**TASK BRIEF**
Your answer should be the full data, transcribed exactly, with no pictures in it.

**DATASET SECTION**

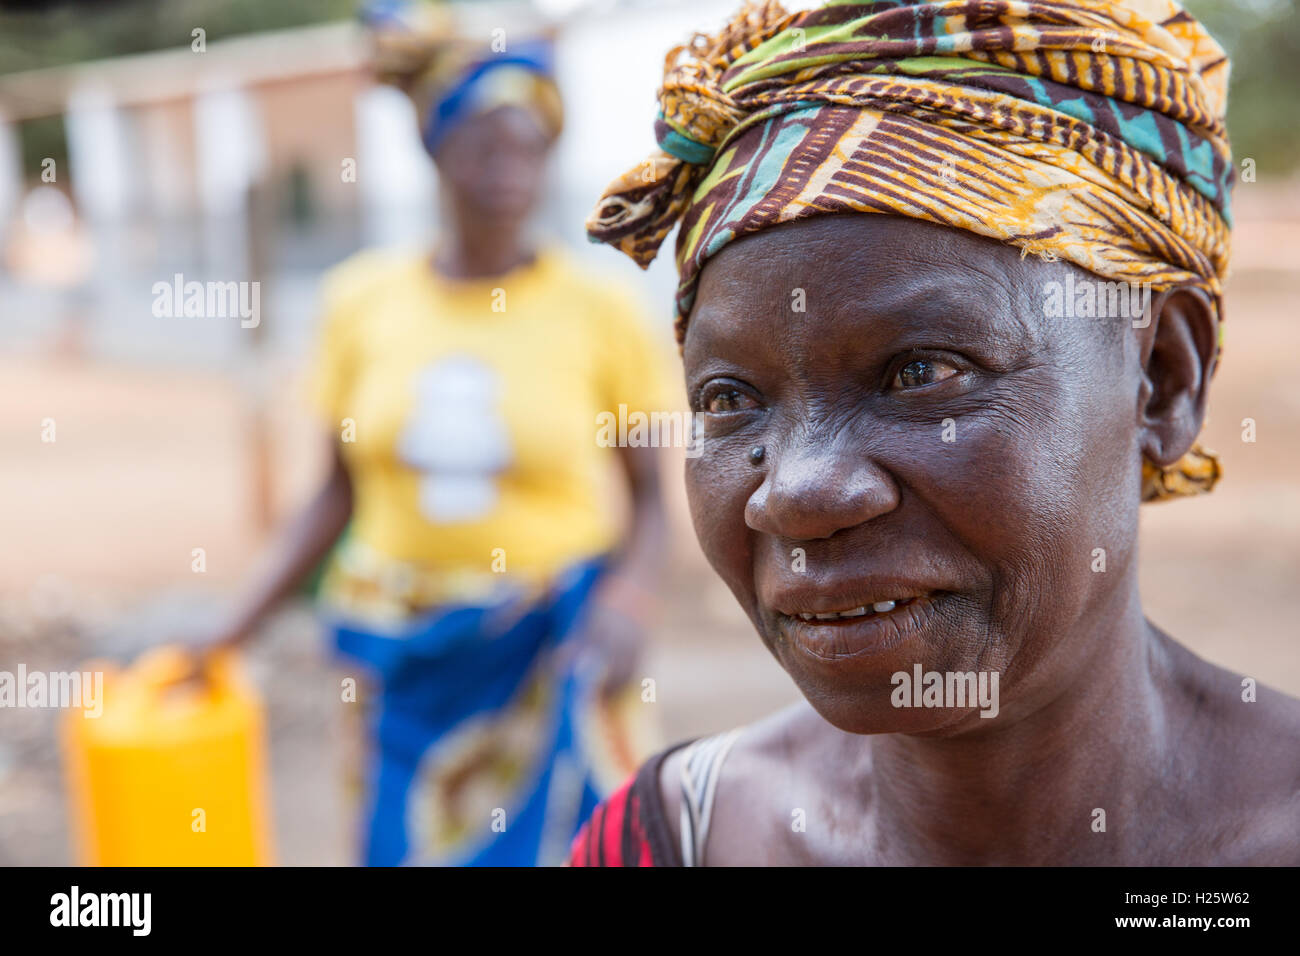 Ribaue Hospital, Ribaue,  Nampula Province, Mozambique, August 2015: Maria Albino now that she can see after her cataract operation the day before.  Photo by Mike Goldwater Stock Photo
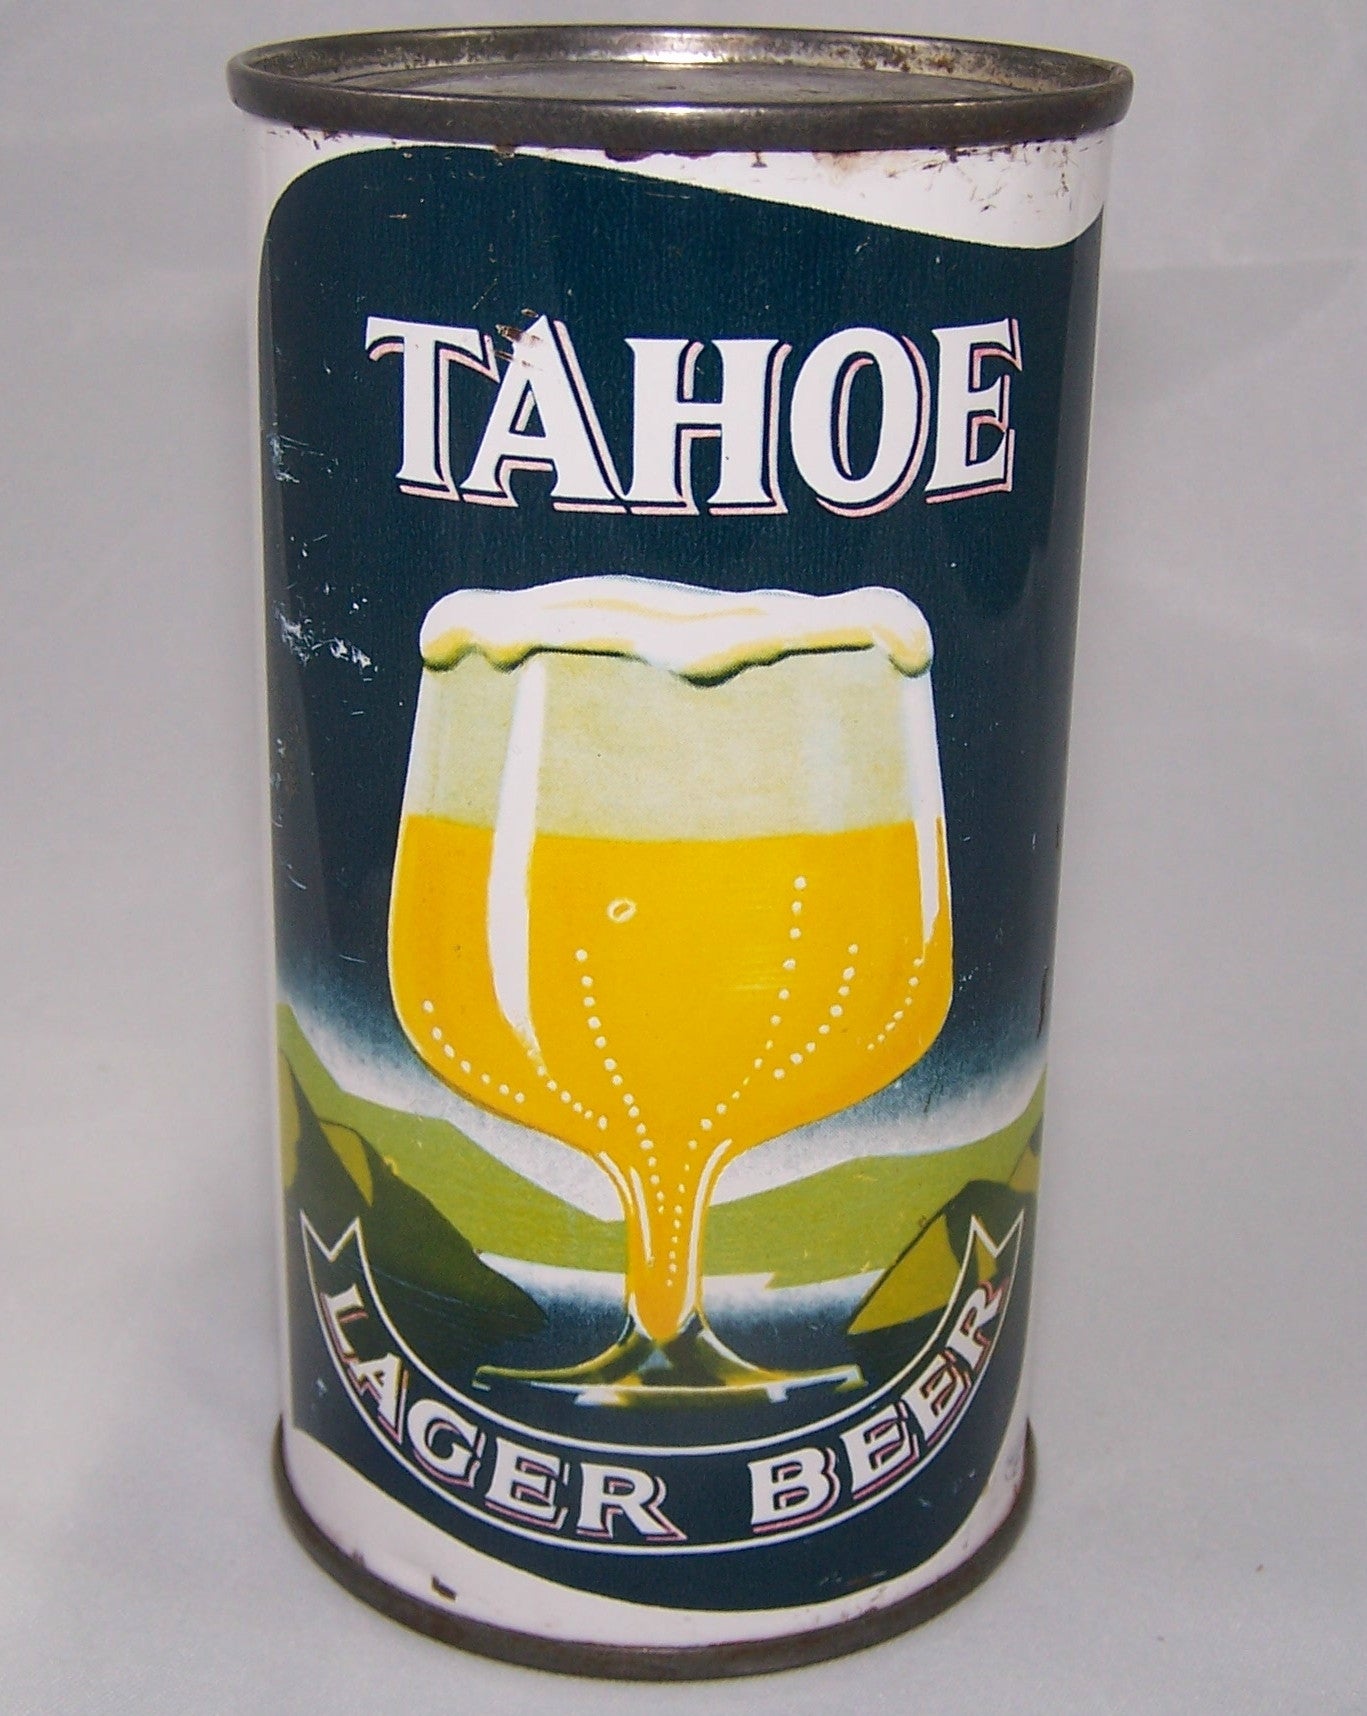 Tahoe Lager Beer, USBC 138-8, Grade 1- Sold on 05/15/16
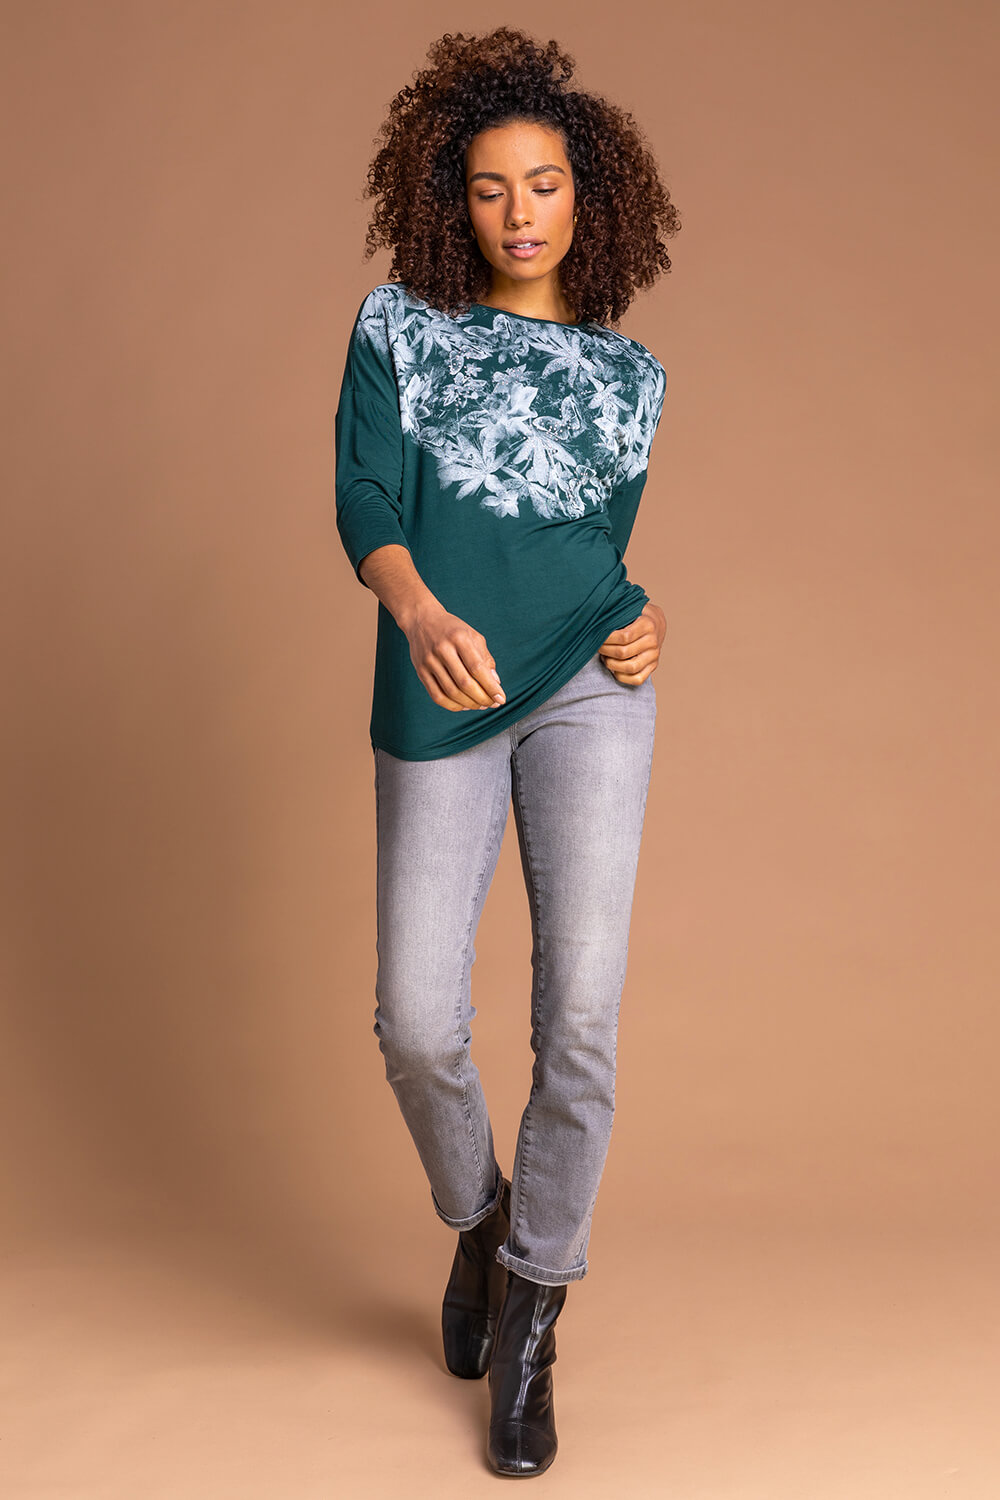 Emerald Floral Butterfly Print Top, Image 4 of 5
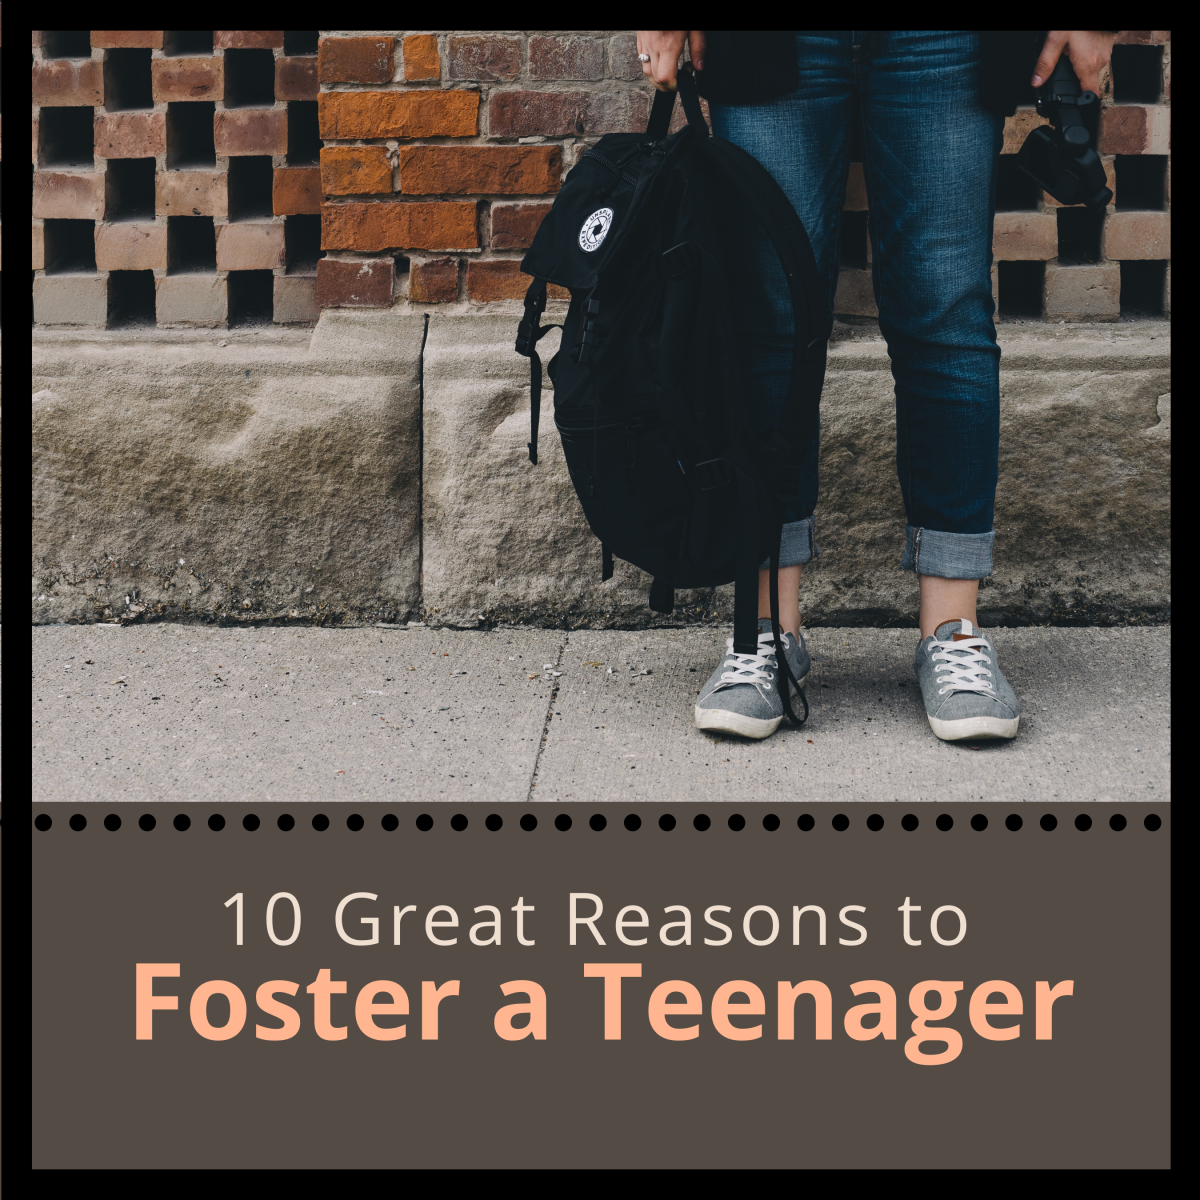 The pros and cons of fostering a teenager.

**SOLUTION FOR THIS EXERCISE**
 Ribaue Hospital, Ribaue,  Nampula Province, Mozambique, August 2015: Maria Albino now that she can see after her cataract operation the day before.  Photo by Mike Goldwater Stock Photo
 Tahoe Lager Beer, USBC 138-8, Grade 1- Sold on 05/15/16
 Emerald Floral Butterfly Print Top, Image 4 of 5
 The pros and cons of fostering a teenager.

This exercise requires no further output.